Producteigenschappen
1. Eenvoudig in gebruik.
2. Kleine afmetingen, licht in gewicht (totale gewicht, inclusief batterijen, is ongeveer 50 g) en gemakkelijk om mee te nemen.
3. Laag energieverbruik; de twee bijgesloten AAA-batterijen kunnen tot 30 uur meegaan.
4. De lage batterijspanningsindicator geeft in het beeldscherm aan als de batterijspanning te laag is en de normale werking
van de oxymeter beïnvloed kan worden.
5. Als er niets te testen valt, schakelt het apparaat na 8 seconden automatisch uit.

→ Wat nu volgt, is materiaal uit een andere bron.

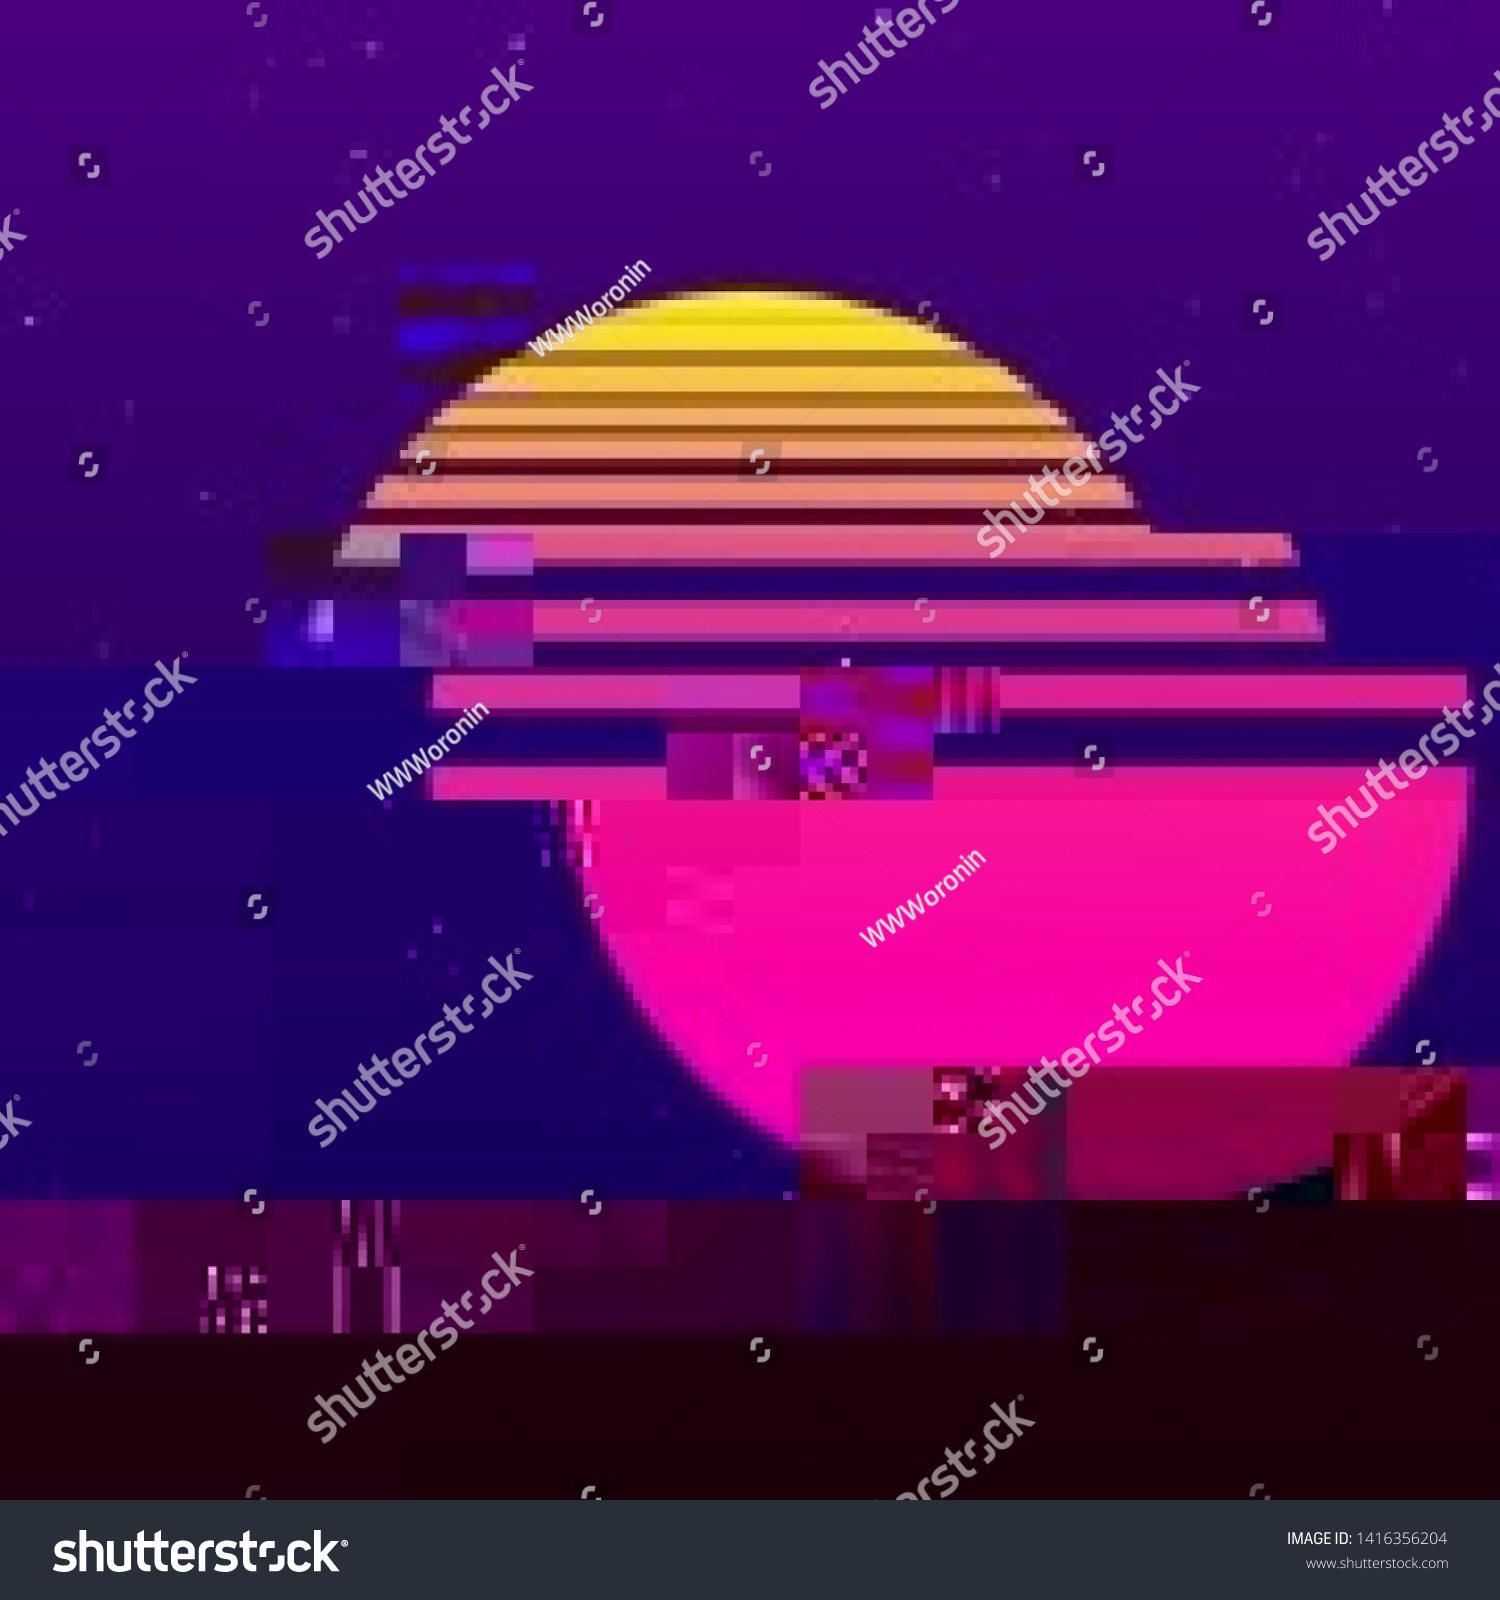 Abstract Cyberpunk Background Striped Alien Sun Stock Image

Gebruiksterrein van het product
De vingertop oxymeter kan bij mensen de hemoglobinesaturatie en hartslag meten via de vinger. Het product is geschikt voor
thuisgebruik, in ziekenhuizen (met inbegrip van klinisch gebruik voor internisten/chirurgen, anesthesisten, kinderartsen en op
de afdeling intensive care enz.), Oxygen Clubs, sociaal medische organisaties, lichamelijke controle voor of na
sportbeoefening (Gebruik tijdens het sporten wordt niet aangeraden.) enz.
Het product is niet geschikt voor constante controle van de patiënt.
De puls-oxymeter behoeft geen kalibratie of onderhoud anders dan het vervangen van de batterijen.
Gebruiksaanwijzing
1. Plaats de twee AAA-batterijen in het batterijvak en sluit het af.
2. Open de clip zoals getoond in de afbeelding hieronder.
3. Steek een van uw vingers in de rubberen opening van de oxymeter en laat de clip los (idealiter laat u uw vinger op de
onderkant rusten).
4. Druk eenmaal op de schakelaar op het voorpaneel.
5. Beweeg tijdens de test uw vinger niet. U wordt aangeraden ook uw lichaam stil te houden.
6. Lees de gemeten waarden af van het beeldscherm.
Let op: gebruik desinfecterende alcohol om de rubberen vingerhuls aan de binnenkant van de oxymeter schoon te maken en
maak voor en na gebruik de sensor schoon met alcohol (De rubberen binnenkant van de oxymeter is gemaakt van medisch
rubber, dat geen giftige stoffen bevat en niet schadelijk is voor de menselijke huid).
Steek uw vinger met het nageloppervlak omhoog in de oxymeter.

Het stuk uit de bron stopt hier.